U.S. Supreme Court
Arnold v. Ben Kanowsky, Inc., 361 U.S. 388 (1960)
Arnold v. Ben Kanowsky, Inc.
Argued January 11, 1960
Decided February 23, 1960
361 U.S. 388
Petitioner sued respondent under § 16(b) of the Fair Labor Standards Act for payment of overtime wages claimed under § 7. Respondent claimed exemption from the Act's overtime requirements as a "retail or service establishment" under § 13(a)(2), as amended in 1949. Respondent conducts an interior decorating and custom furniture business, but also fabricates on the same premises plastic aircraft parts which it sells in interstate commerce to manufacturers which incorporate them into aircraft or parts thereof which they sell to others. Sales of such plastic parts account for more than 25% of respondent's annual sales, and respondent introduced no evidence to prove that at least 75% of its sales were recognized in the industry as retail.
Held: Respondent failed to satisfy the requirements of § 13, and is not entitled to exemption thereunder. Pp. 361 U. S. 389-394.

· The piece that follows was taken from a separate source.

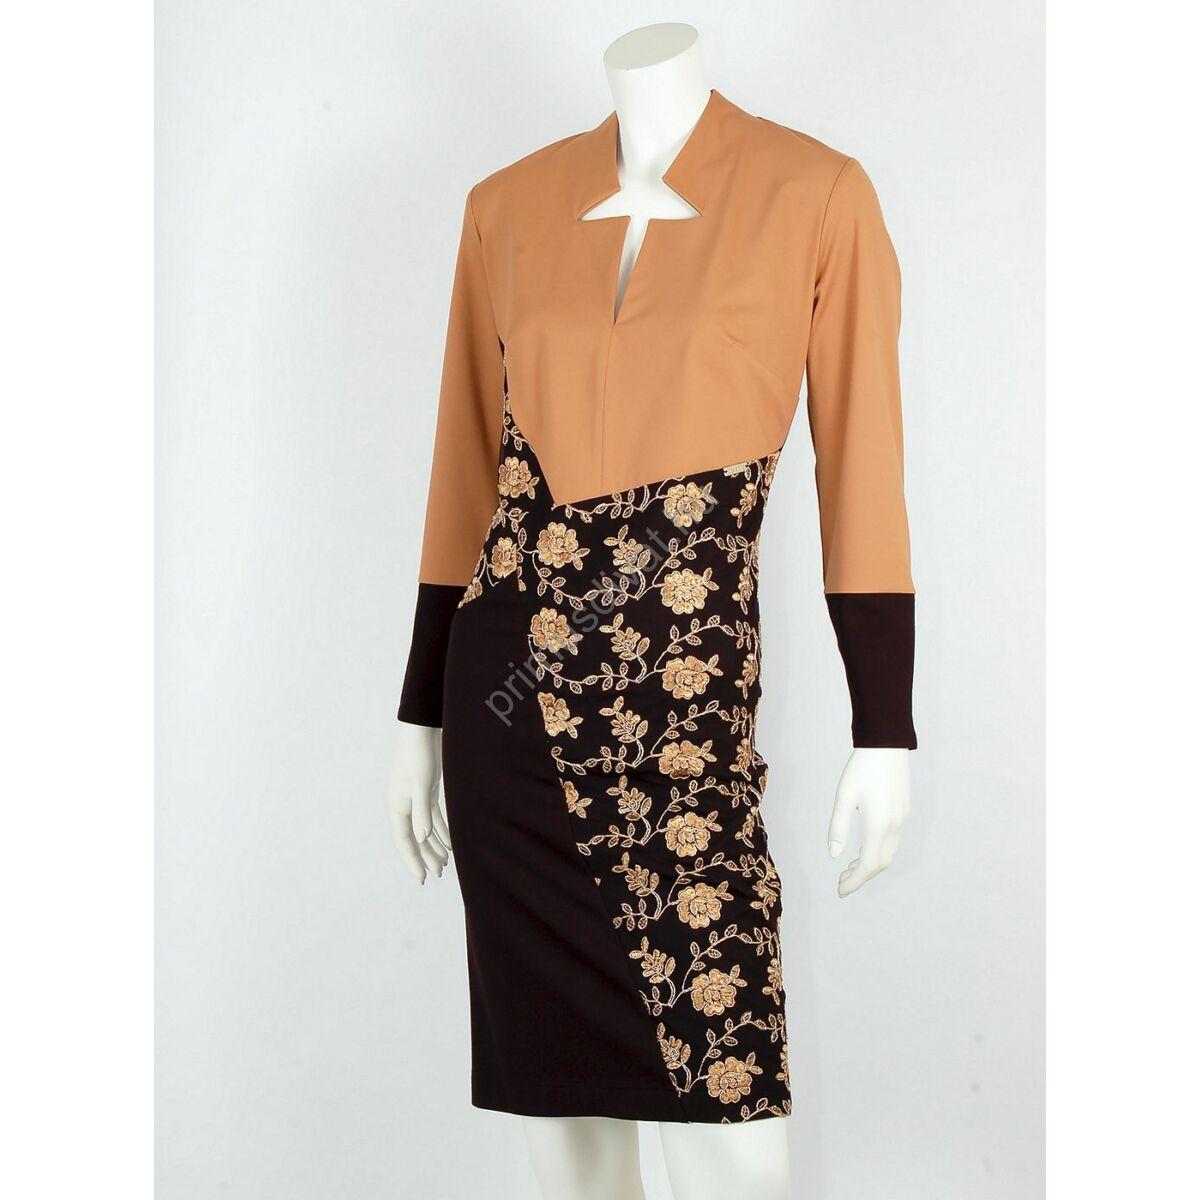 Mystic Day cikk-cakk nyakkivágású, arany hímzett mintás drapp-fekete molett Annaliza ruha, jó tartású rugalmas anyagból. Hátán rejtett cipzárral záródik.

(a) That respondent's manufacture of plastic parts may be considered a "sideline" from respondent's viewpoint does not remove petitioner from coverage under the Fair Labor Standards Act unless respondent's activities fall within the specific exemptions enumerated in § 13 . P. 361 U. S. 391.

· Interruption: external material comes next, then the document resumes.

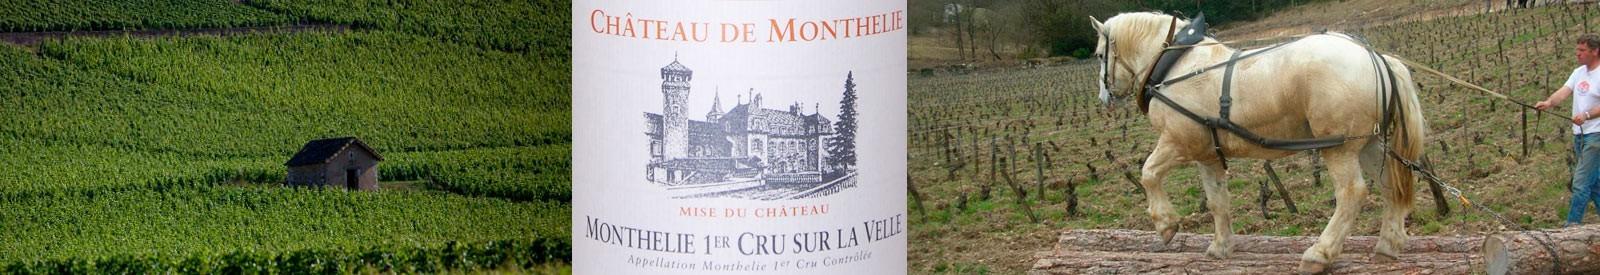 Château de Monthelie - Eric de Suremain – Vin Bio

(b) Since respondent, through its fabrication of such plastic parts, is making or processing the goods that it sells, it must comply with the requirements of § 13(a)(4), as well as § 13(a)(2), in order to be exempt. Pp. 392- 361 U. S. 393.
(c) Respondent failed to satisfy the requirements of § 13(a)(2), because sales of plastic parts accounted for more than 25% of its annual sales, and respondent introduced no evidence to prove that 75% of its sales were recognized in the industry as "retail." Pp. 361 U. S. 393-394.
(d) The sale of parts to be incorporated into aircraft that were to be sold by the purchasers of such parts were sales for resale, and, since such sales exceeded 25% of respondent's total sales, respondent failed to meet the requirement of § 13(a)(2) that 75% of its annual sales be "not for resale." P. 361 U. S. 394.